__Problem details__. For the copy, please give all of the data again exactly and leave the pictures out.

__Recorded information__.
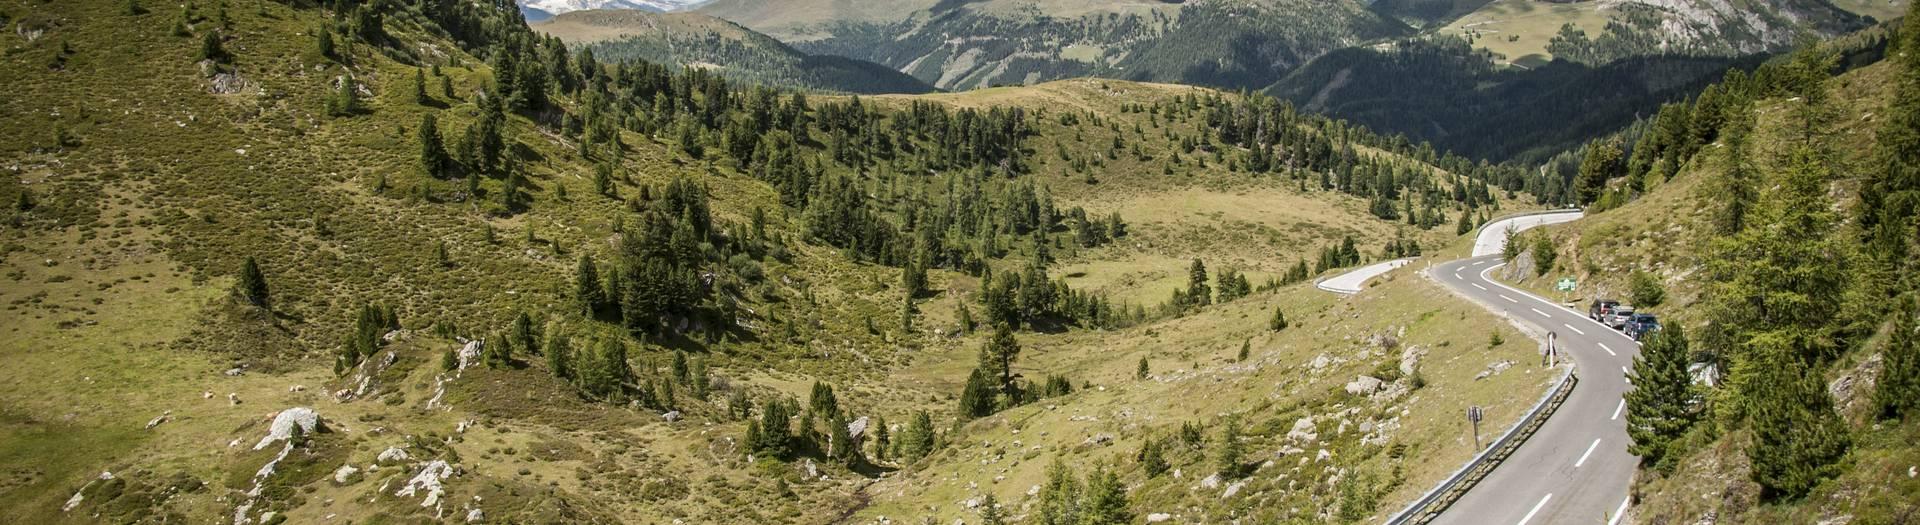 Ebene Reichenau in den Nockbergen
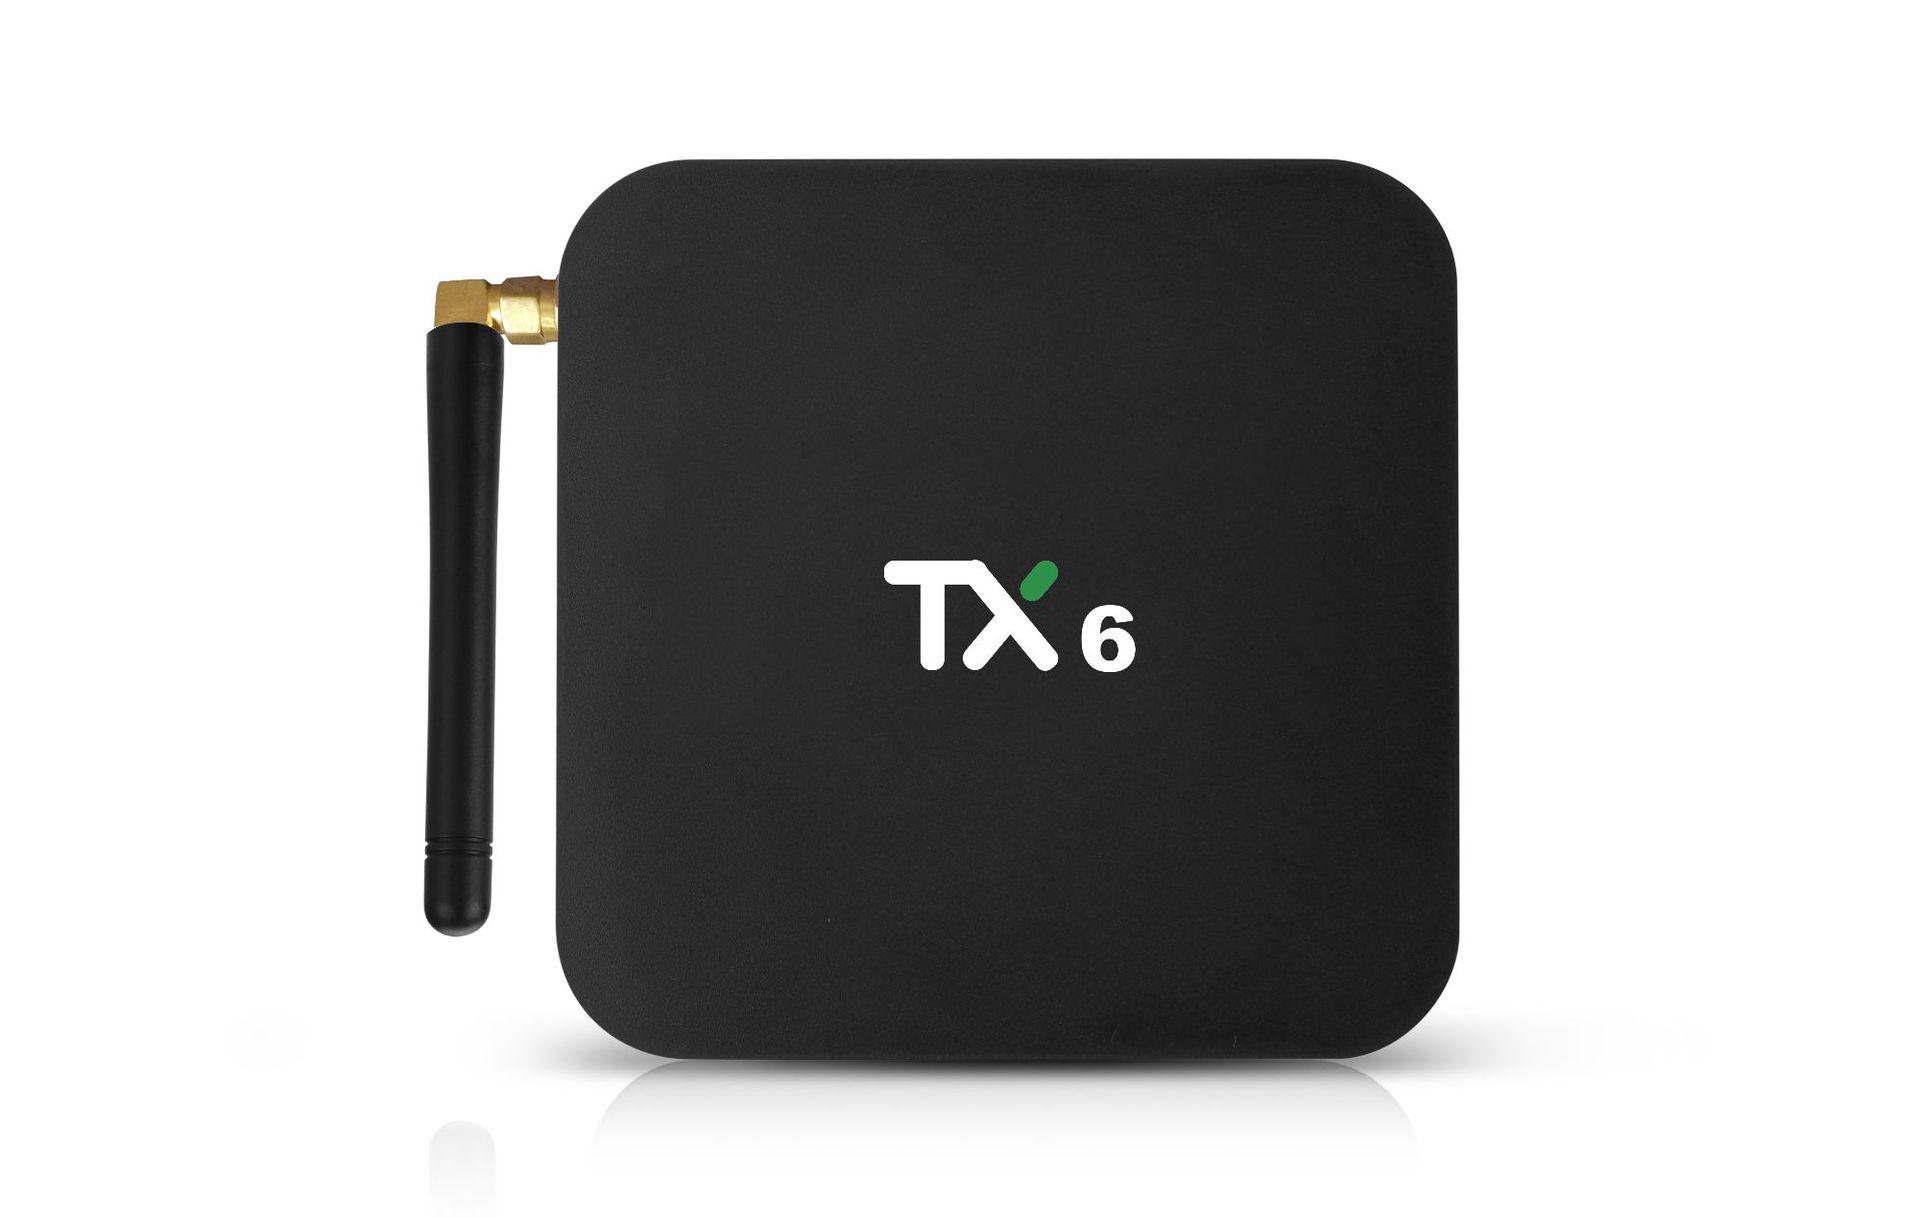 OEM Thiết bị kết nối Internet cho TV TX6 STB Quanshi H6 Trình phát mạng Bluetooth HD Trình phát mạng
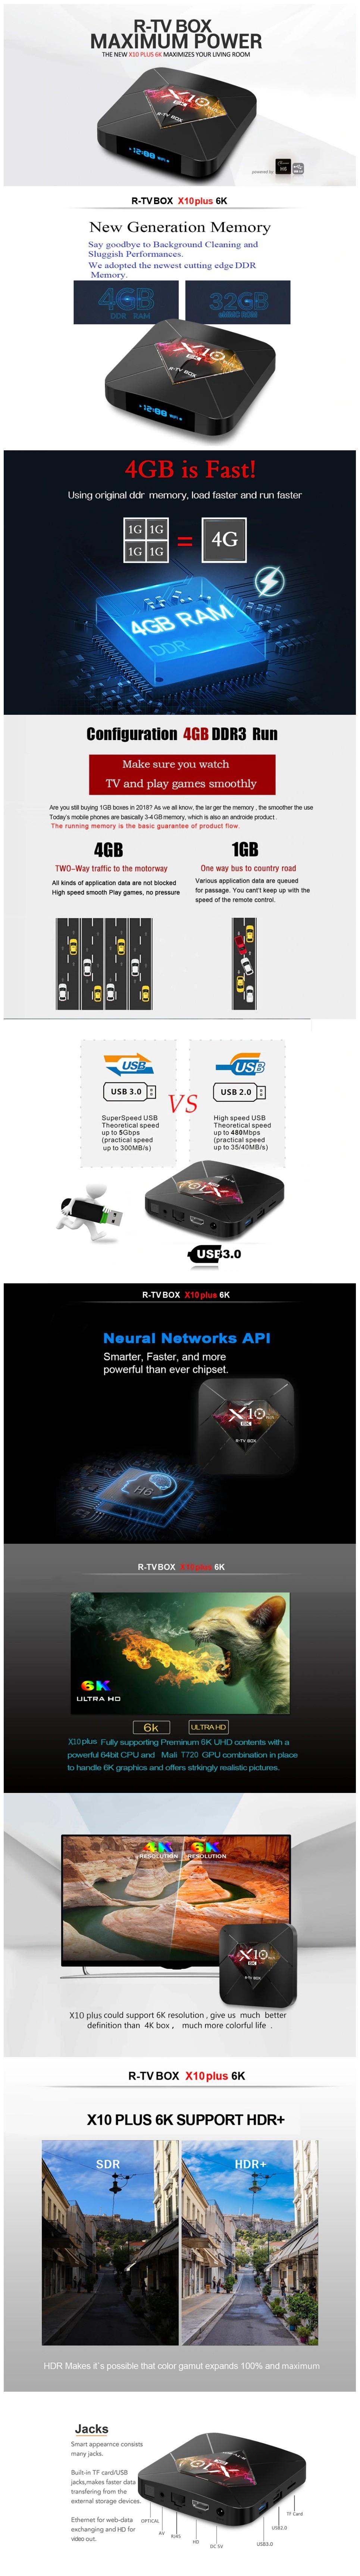 prezentare-R-TV-BOX-10-PLUSb66a4e8b96f25047.jpg

__Exercise response__.
 Ebene Reichenau in den Nockbergen
 OEM Thiết bị kết nối Internet cho TV TX6 STB Quanshi H6 Trình phát mạng Bluetooth HD Trình phát mạng
 prezentare-R-TV-BOX-10-PLUSb66a4e8b96f25047.jpg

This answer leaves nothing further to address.